Мы отходим перекатами, держа подходящие рубежи, не давая фрицам проскочить вперёд, ударить во фланг прикрываемым нами парням. Мы держим рубеж, тянем время до подхода подкреплений. Мой автомат уже дымится, дожёвывая очередной, кто знает какой по счёту на сегодня, магазин, когда усиление всё же подходит. Вроде всё. Вроде можно уже отводить тех, кто ещё жив. А Пашка падает…
И я тащу его на себе, одной рукой держа Пашку, а второй продолжая бить из автомата куда-то туда, откуда плюётся свинцом нам вслед пулемёт. И я тащу его, хрипящего что-то про «брось меня». Нет, Пашка! Вот этого я не слышу! И я продолжаю его тащить к своим… А потом была сестричка, принявшая у меня эстафету… Но… Она проверяет у Пашки пульс и её глаза становятся грустными…
И опять это слово: «Всё…»
И ещё одна одинокая могила на опушке… И запись координат захоронения сержанта милиции Алтаева Павла Михайловича в ЖБД… А я теперь… и начальник Особого отдела 113-й стрелковой дивизии, и единственный его сотрудник в одном лице...
***
Дивизия дошла, всё же, до Слуцка. И не наша вина в том, что фрицы обошли нас с флангов, и что УР не устоял, и что нет уже тех подготовленных оборонительных рубежей, которые мы должны были занять.
И состоялся поворот дивизии на Бобруйск. Мы снова шли. Снова прогрызали себе дорогу вперёд, заставляя фрицев поливать собственной кровью каждый пройденный ими метр…

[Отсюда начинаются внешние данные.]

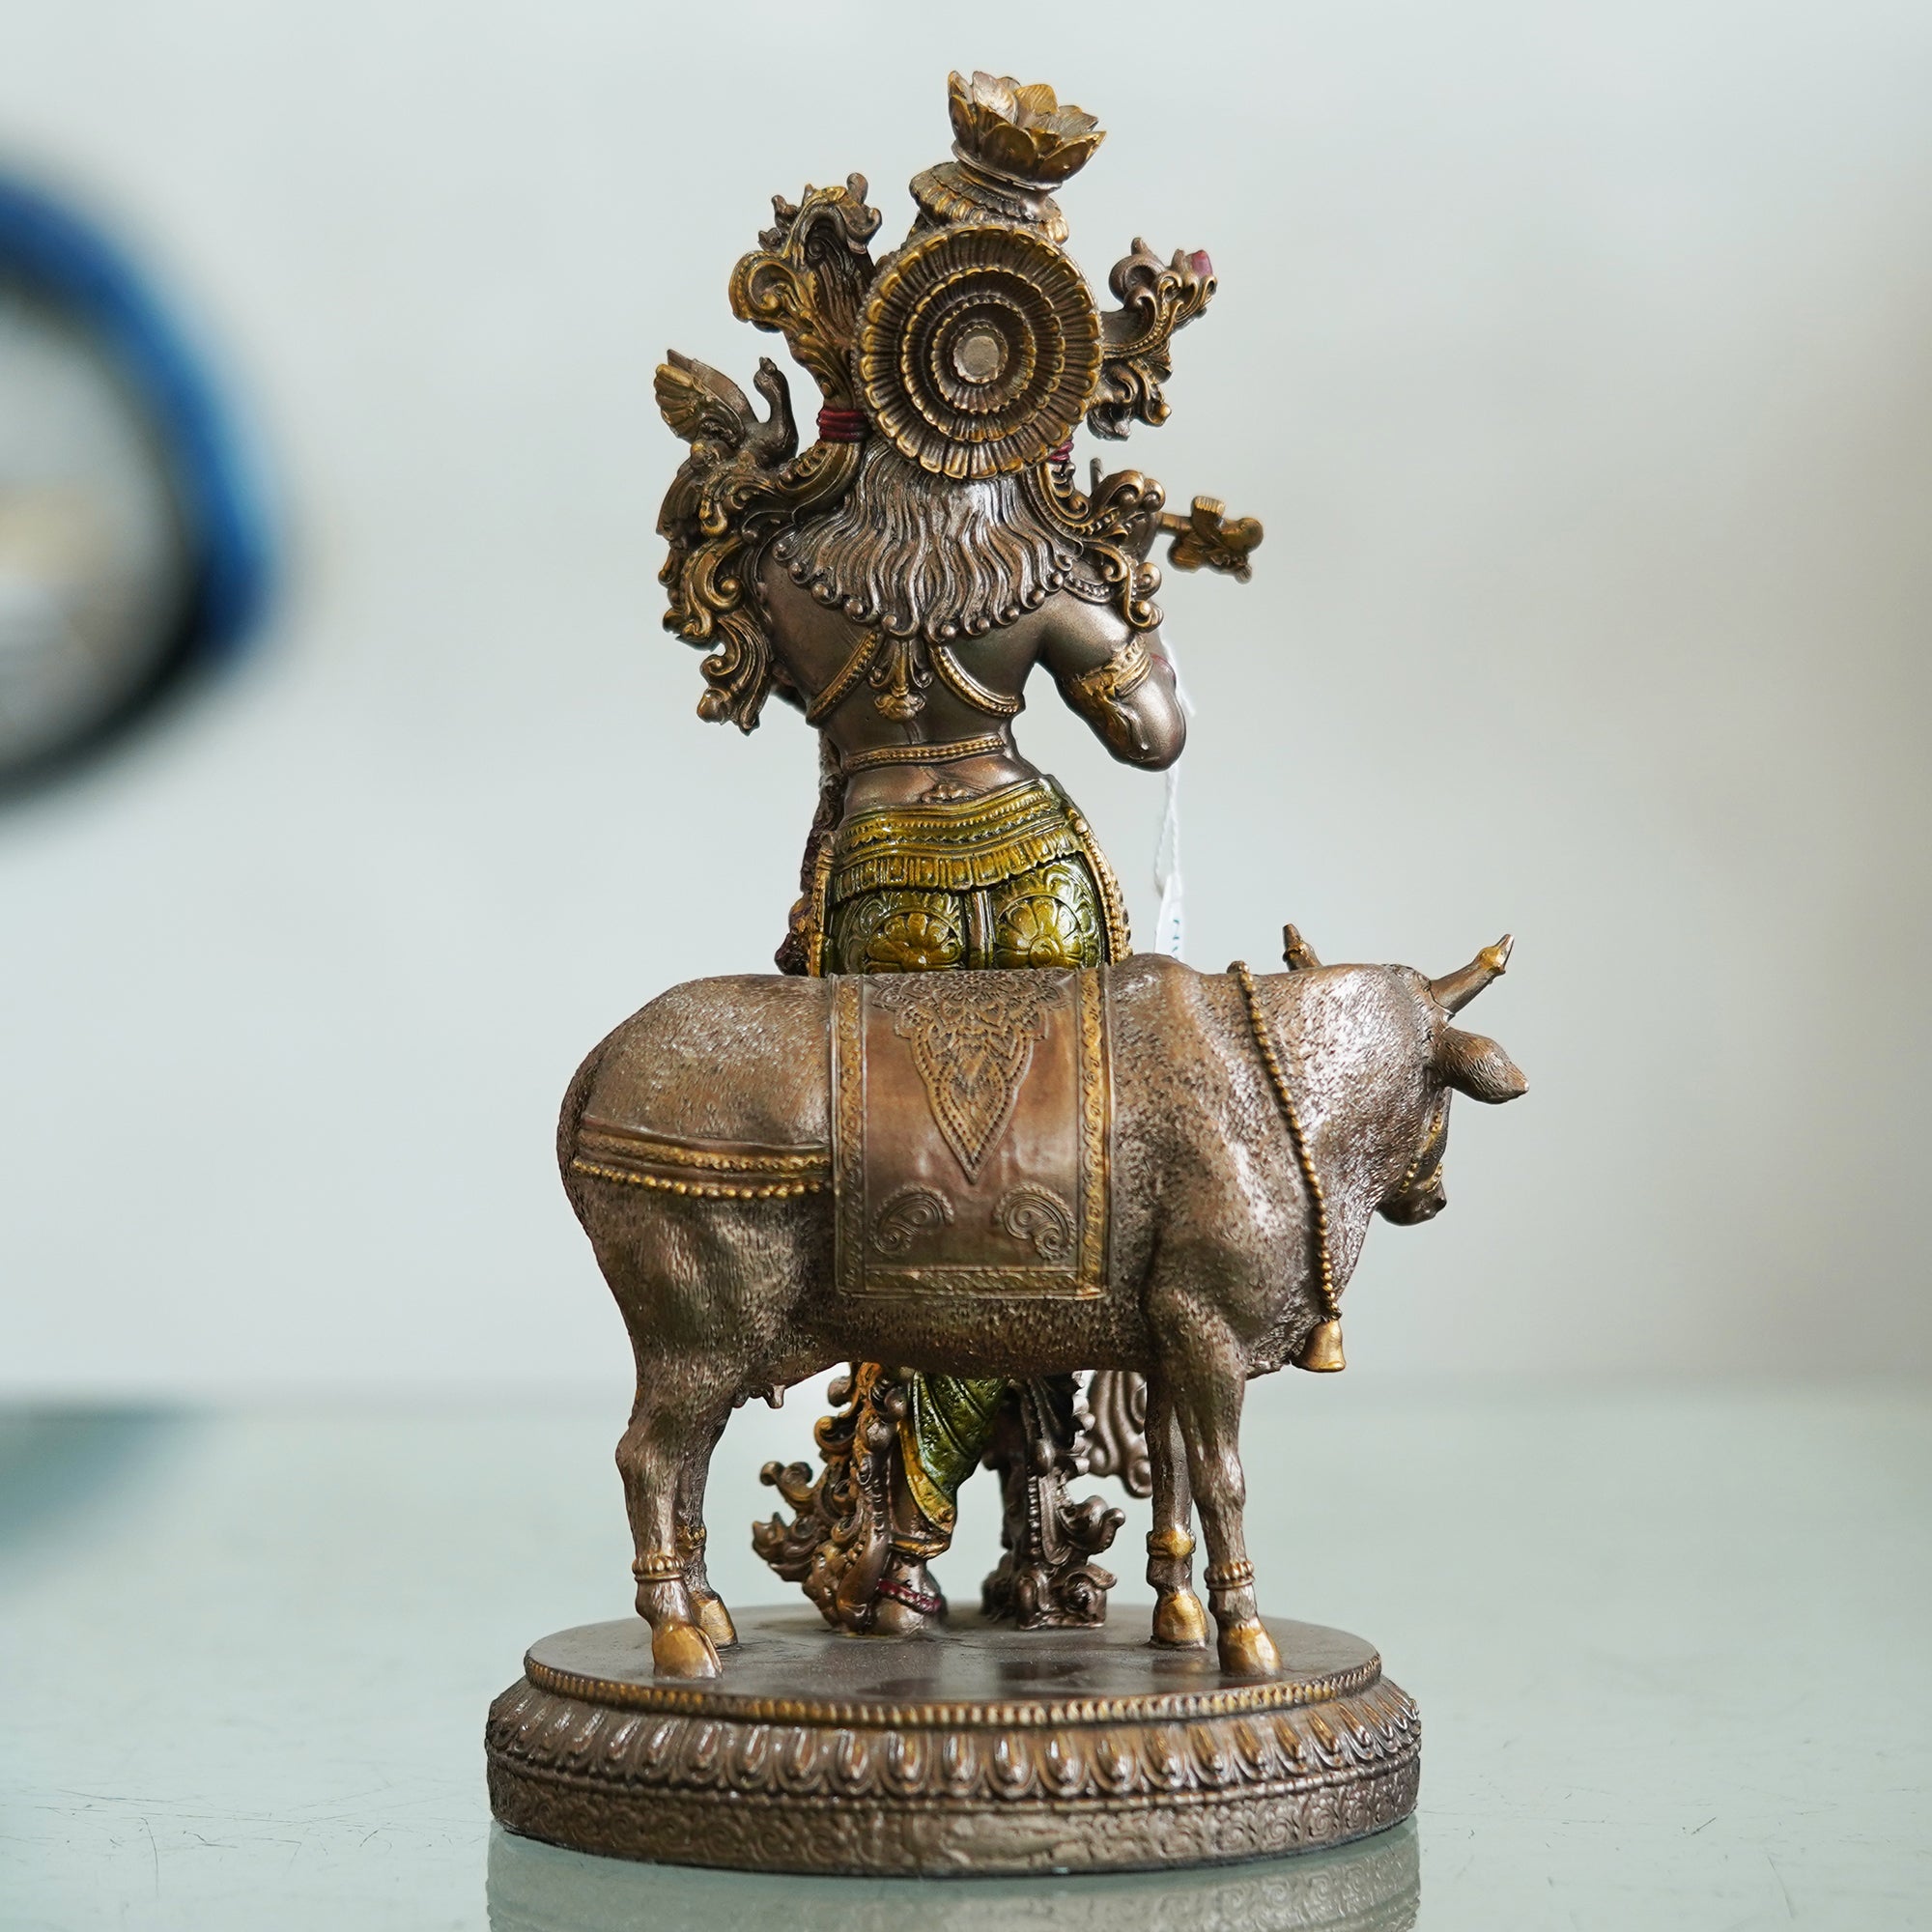 Deveie Crafts Resin Krishna and Cow Statue Spiritual Home Décor

Фрицы всё-таки добили дивизию, как организованную боевую единицу под Бобруйском. И не в том дело, что они оказались сильнее. Не в том дело, что мы ослабли или устали. Нет. Нас просто осталось слишком мало…
Настал момент, когда в моём ранце вместе с ЖБД Отдела оказался ЖБД дивизии. А НШД-113 (Прим.: НШД113 – Начальник штаба 113 дивизии.) на прощание прошептал:
- Пряхин!.. Вынеси… Знамя… части!..
И свёрнутое Знамя дивизии заняло своё место у меня на груди под гимнастёркой. Дело не в том, что я остался последним в дивизии. Просто я был последним из группы управления и штаба. А от дивизии осталось около пятидесяти человек в нашем отряде и примерно по столько же ещё в трёх или четырёх организованных группах.

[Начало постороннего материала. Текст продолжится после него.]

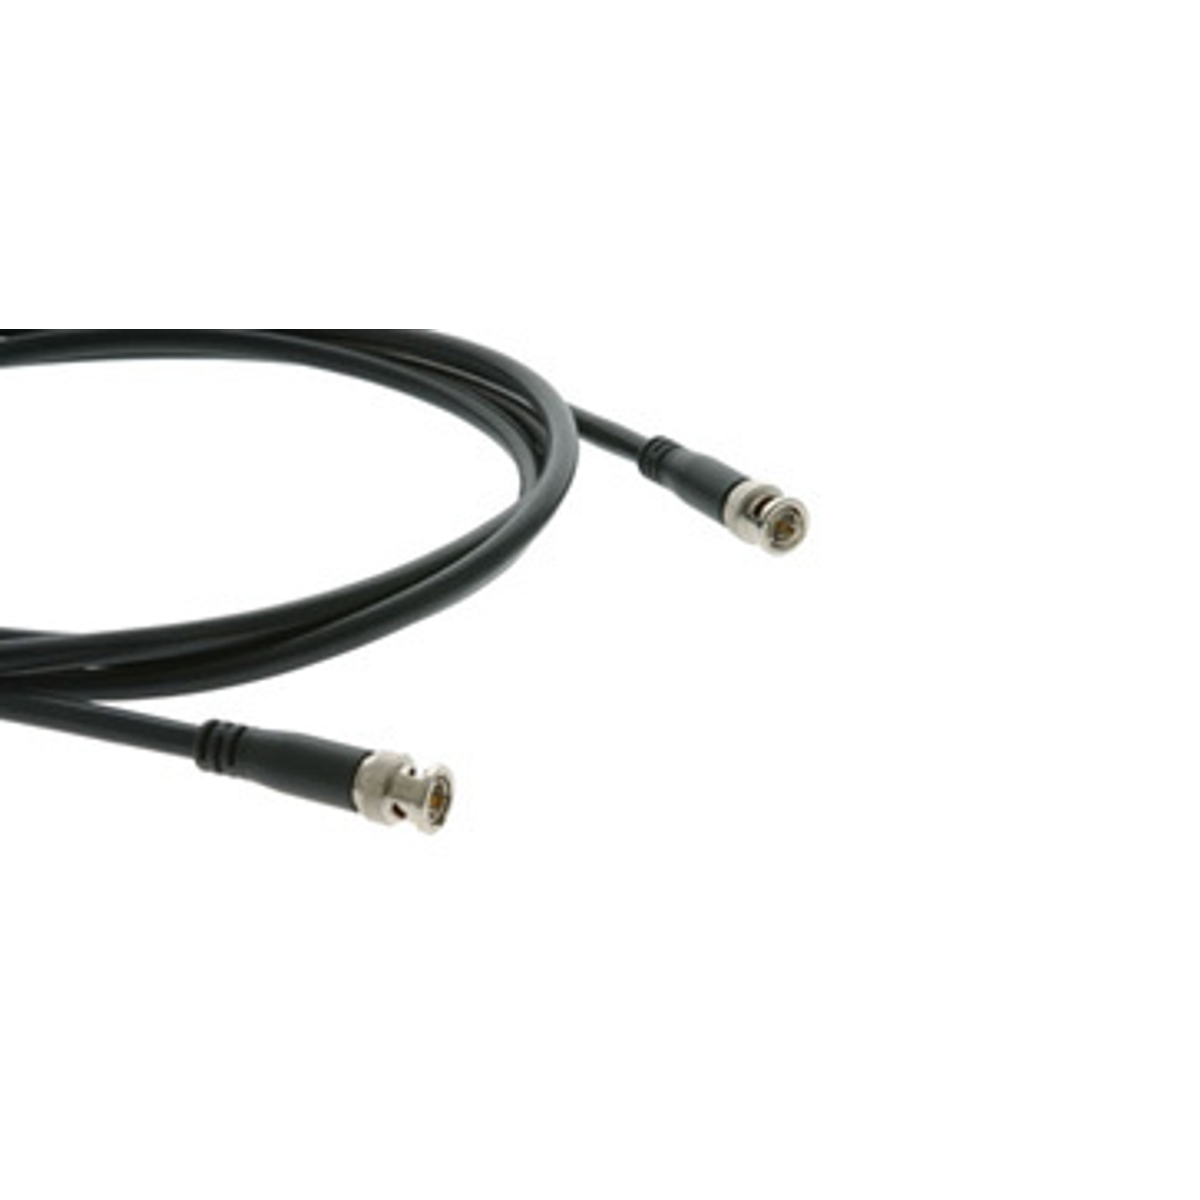 1 BNC (M) to 1 BNC (M) RG-6 Video Cable

И мы продолжили поход. Направление в этот раз – просто в сторону фронта. С простой задачей: прорваться к своим. Вот и вся цель нового марша. И мы шли. Фрицы, по большому счёту, оставили нас в покое. И марш был, на этот раз, относительно спокойным. Ровно до тех пор, как мы добрались до фронта.
***
Как мы ухитрились проскользнуть незамеченными – одним Богам ведомо. Но вот она – линия обороны РККА. Вот фрицы, готовящиеся её прорывать. И вот мы. И вот наш командир, старлей-артиллерист, говорящий:
- Нехрен мудрить. Ночью прорываемся с боем к своим. Вот и вся на хрен диспозиция.
Ну, так вперёд. И мы рванули. Фрицы просто проспали наш удар – мало того, что ночью, так ещё и с тыла – и мы проломили их порядки, как носорог ломает тростник. Но самое весёлое началось при прохождении ничейной земли. Мы снова шли перекатами, прикрывая друг друга, а нам вслед били фрицы из всего, что у них было. А мы продолжали рваться вперёд, отстреливаясь почти не глядя куда – просто в их сторону. Теряли людей, но рвались…

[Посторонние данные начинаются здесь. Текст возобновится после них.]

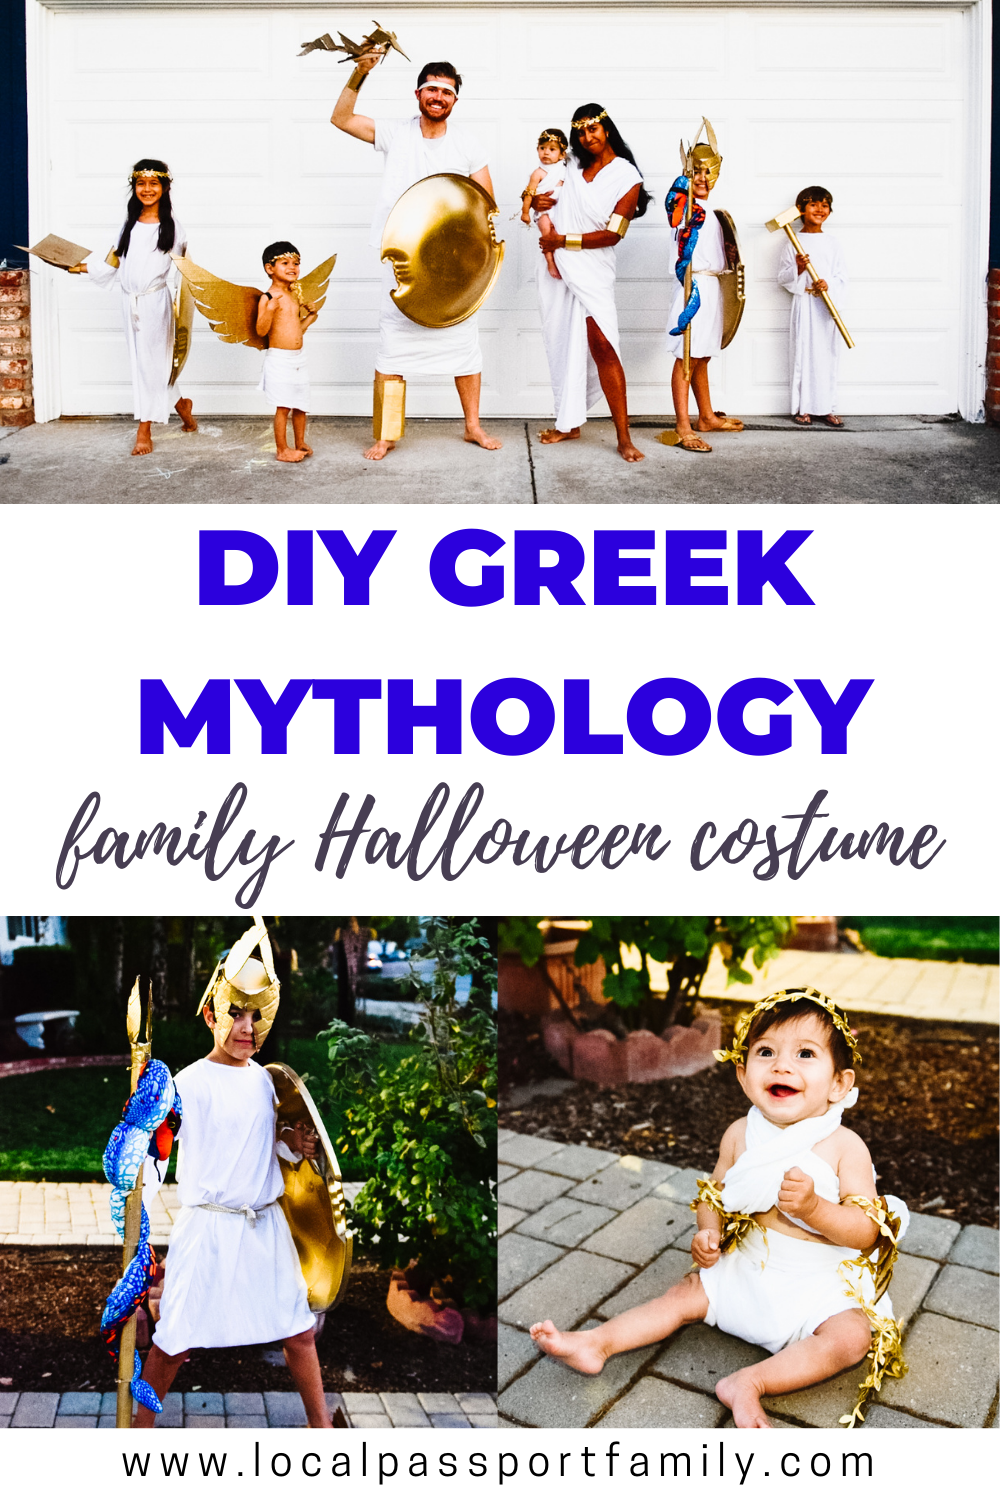 Family Greek Mythology Costume for Halloween

Я перекатывался со всеми, расходуя, не жалея уже последние патроны к привычной Мосинке. Бил по дульным вспышкам, не надеясь попасть. Просвистит пуля у какого-то фрица над головой, дёрнется он, сбив себе прицел и не попав в кого-то из наших – уже хорошо. Некогда выцеливать. Некогда задерживаться. Вперёд! Вперёд!! Вперёд!!!
Я продолжал идти – плевать, что с каждым выстрелом винтовочный приклад кувалдой бьёт в простреленное плечо. Плевать, что подсумок уже пуст и в Мосинку дослана последняя обойма. Вперёд!
И когда мне от души прилетело в бедро – я упал и, в горячке не обратив внимания на новую дырку – не первая – продолжил идти. Только замедлился, но всё равно шёл.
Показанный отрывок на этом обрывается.